Mr Omonisi: I am a pathologist, so I have a full understanding of what the problem is with diagnosis. Most cases that presented late are from the rural communities as most Nigerians in the rural communities are less aware about cancer. To an extent, people in the urban centre have enough information on cancer. The issue with urban centres is now decision-making, doing what is right. But people in rural areas are completely cut-off and they have limited knowledge on cancer. I was in a community in Kogi State years ago for a medical outreach and my team met a woman with breast cancer locked up in a room. We were informed that she has a disease affecting her breast, and her mother also died from the same disease. Members of our health team visited her and subsequently confirmed that she had advanced breast cancer. The major challenge with our health awareness on cancer in Nigeria is that most of these cancer awareness programmes are mostly carried out in cities like Abuja, Lagos, Calabar etc, neglecting the rural communities where the major issues exist. What I have done as the NCS president is to create state chapters to support the fight against cancer. The first assignment given to the state executives is to work with stakeholders in their state and organise a very befitting World Cancer Day. I also mandated the state chairman to carry out awareness in both English and native languages. We will not win the war against cancer until we start to focus on rural communities because the majority of the cancer cases presented late are from such areas.

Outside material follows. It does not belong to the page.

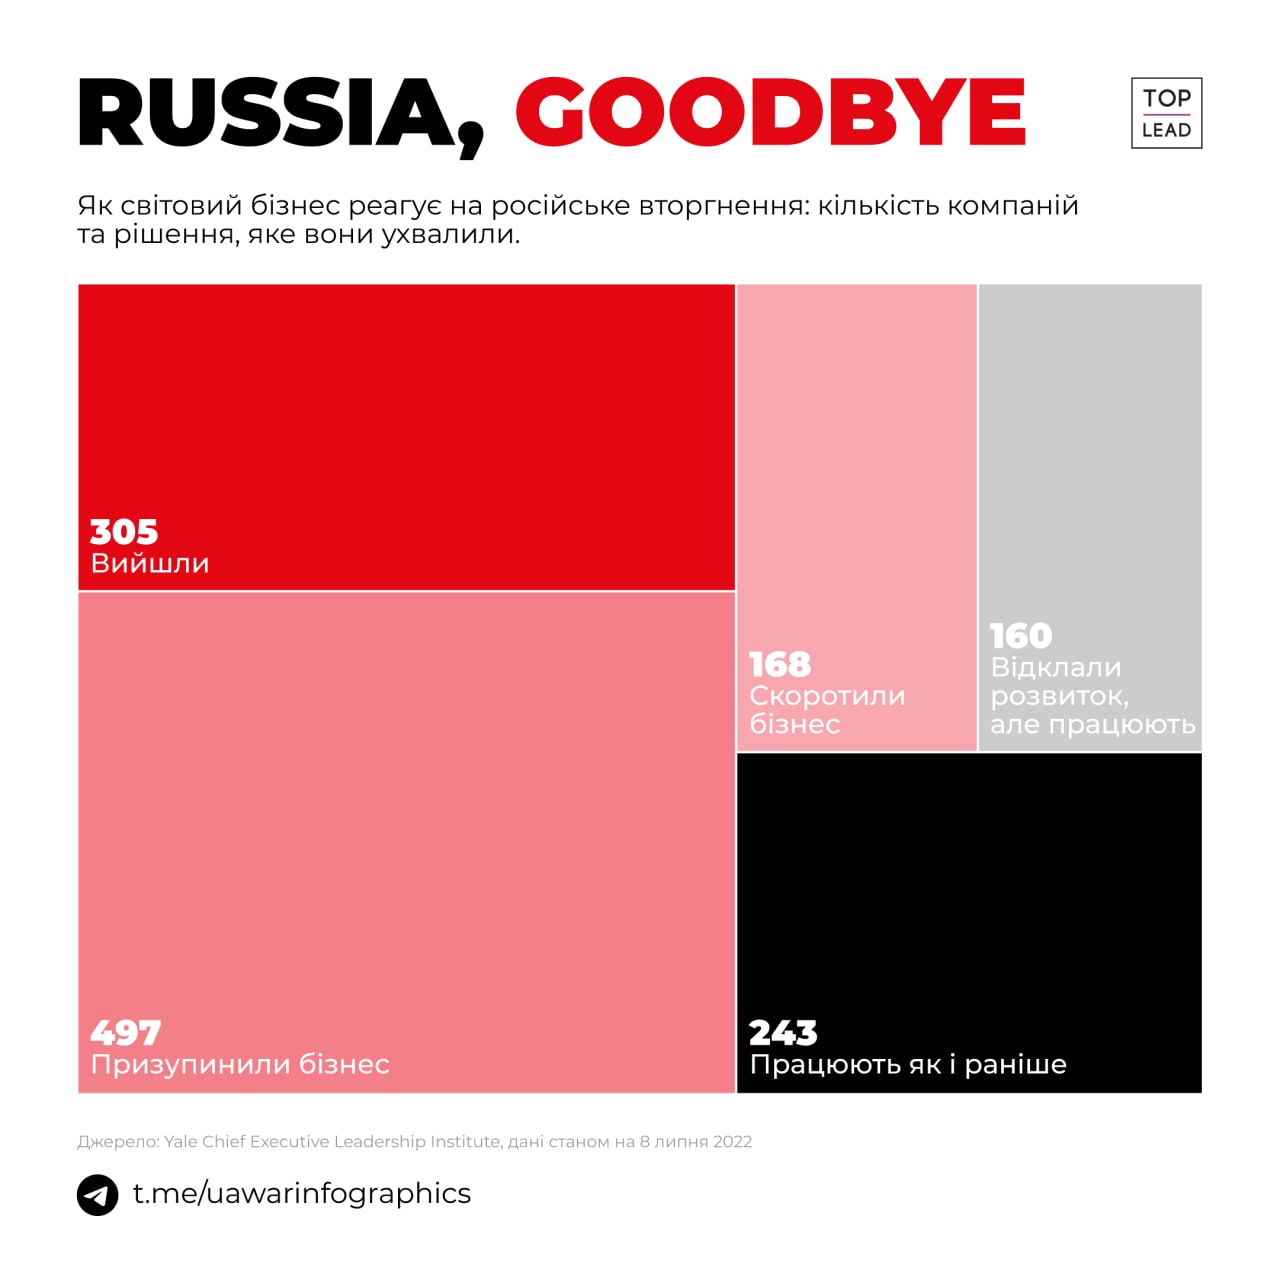 russia, goodbye! (ІНФОГРАФІКА)

The state’s executives have also been directed to develop a database for cancer stakeholders in their states and also work very closely with their respective states ministry of health. The Nigerian Cancer Society under my leadership is also willing to partner with the state governments, to help them develop their State Cancer Control Plan. We cannot sit down and watch Nigerians continue to die from cancer especially, the preventable ones. We will do everything possible to carry the state along in the fight against cancer.
We will also work with prominent religious and traditional rulers in the country to educate them. Truth is, some of our religious leaders are also doing more harm as some of them do not believe in medications.
We also need to be more aggressive with cancer screening because once screening is done early, we can pick up cancer cases at the early stages. This will also ensure the cancer patients also have a chance at survival following treatment.